They acknowledge that ontology-specific characteristics significantly influence the effectiveness of noise injection, yet this issue is not empirically addressed through broader experimentation and is instead deferred to future work. Regarding trends across ontologies and reasoner performance, the paper reports that graph neural network–based reasoning (R-GCN) exhibits significantly higher resilience to noisy ontological data, including logical noise. This is a valuable and concrete insight, and it provides a reasonable starting point for benchmarking noise adaptability in neurosymbolic reasoning approaches.
Overall, the revisions improve the paper and address several technical issues, but the benchmark remains limited in scope. If the authors soften their claims and reframe the contribution as a first-step benchmark framework that emphasizes reproducibility and extensibility, rather than as a definitive benchmark supporting broad conclusions about neurosymbolic reasoning robustness, the work would be more appropriately positioned for acceptance at this stage.

Review #3 submitted on 31/Jan/2026

By Shreyas Casturi
Review Details

Reviewer has chosen not to be Anonymous

Overall Impression: Good

Content:
Technical Quality of the paper: Good
Originality of the paper: Yes
Adequacy of the bibliography: Yes

Presentation:
Adequacy of the abstract: Yes
Introduction: background and motivation: Good
Organization of the paper: Satisfactory
Level of English: Unsatisfactory
Overall presentation: Good

Detailed Comments:

I was one of the original reviewers for this paper back in July. I think this is a much stronger paper and much easier to read.

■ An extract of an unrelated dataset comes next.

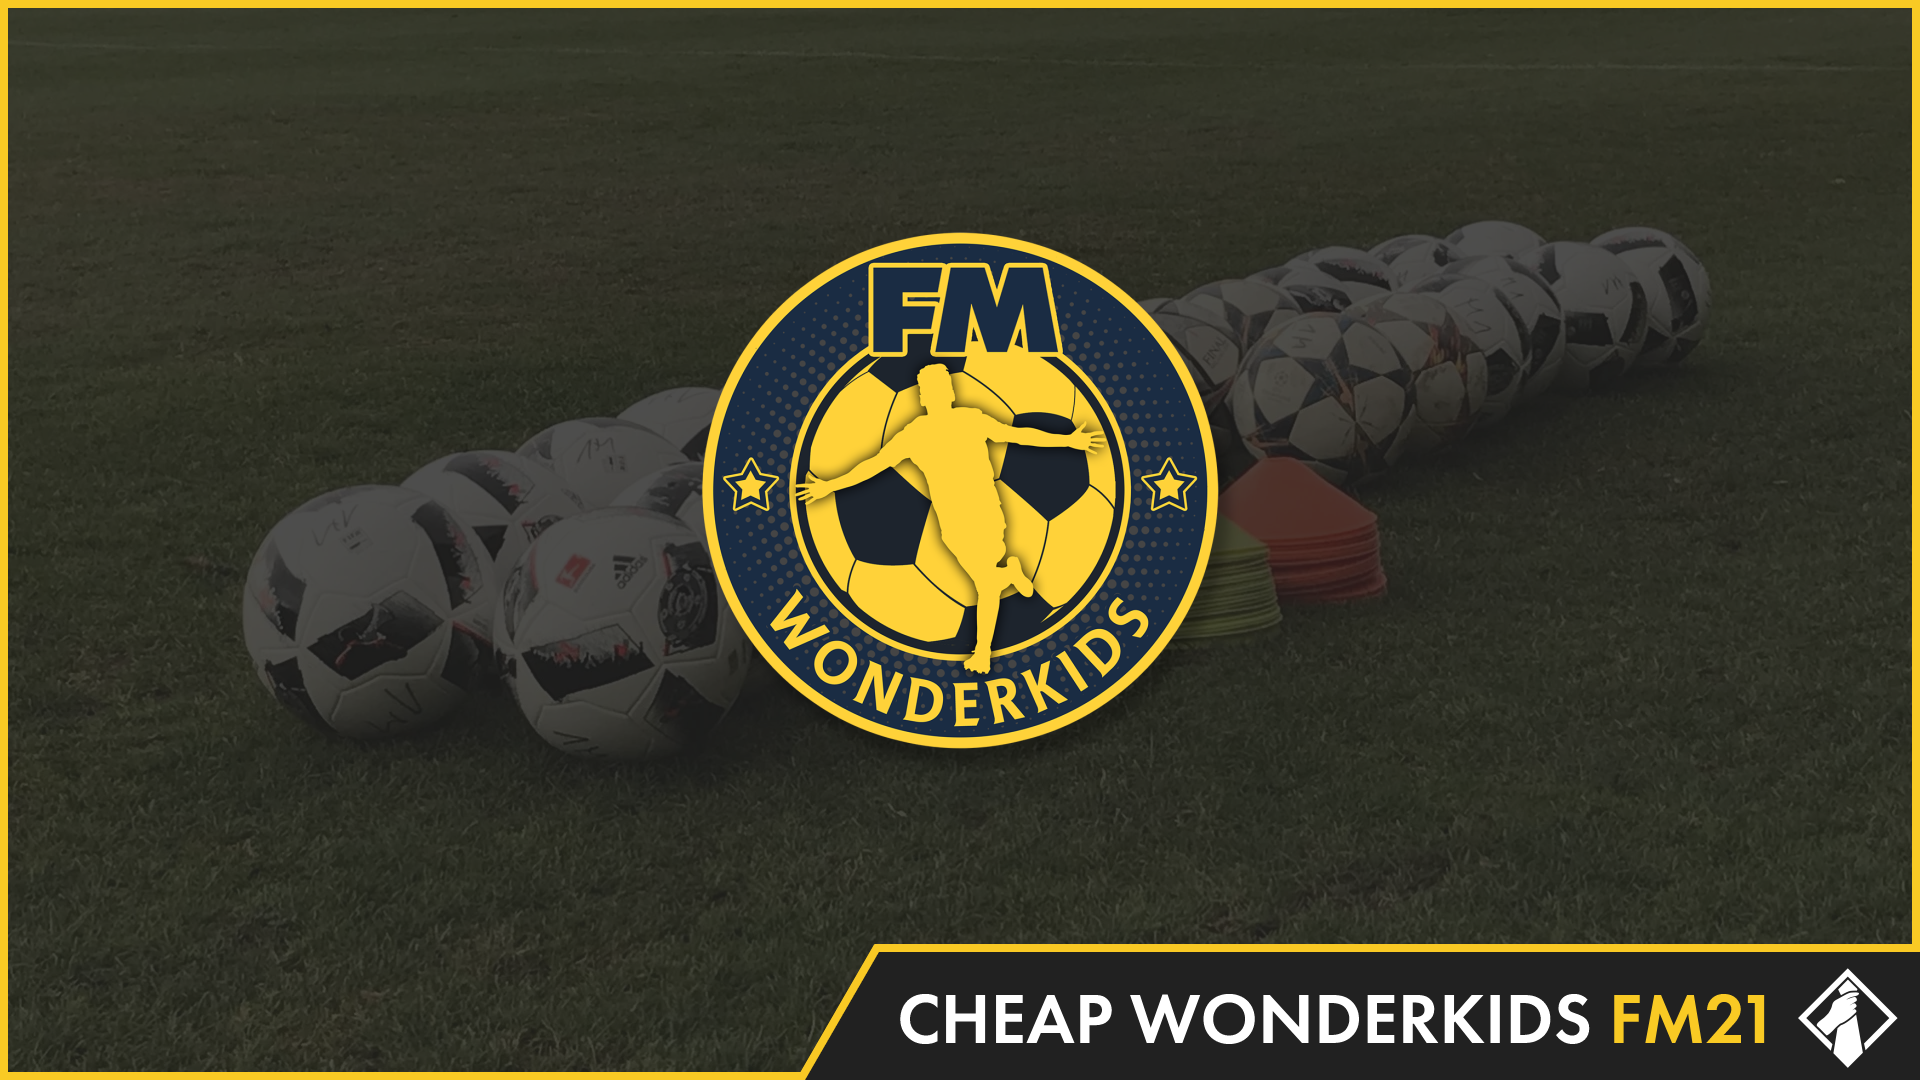 FM21: Cheap Wonderkids by FM Wonderkids

I still have some questions and comments, so I will mark this as a "minor revision", but I think the paper is solid.

The main thrust of this paper is that there aren't a lot (if any) benchmark datasets that handle neurosymbolic reasoners' ability to handle noise -- specifically ABox noise, where you corrupt or affect the triples -- in a dataset. Noise in a dataset is to be expected, due to incomplete knowledge, random errors, etc...

The authors take two SOTA neurosymbolic reasoners, OWL2Vec and DL EL++, along with a graph neural network, and take three different ontologies, Pizza, Family, and OWL2Bench, and apply three different types of noise to these datasets: logical noise, where you mess with triples by making the subjects violate disjoint class axioms (James isCurrently Alive, James isCurrently Dead) or by breaking domain-range restrictions for object properties. There is random noise, which is simply corrupting tuples randomly, and statistical noise, where one uses a graph neural network to determine which objects have the lowest link prediction score (aren't related), and then make them part of a related triple with said link.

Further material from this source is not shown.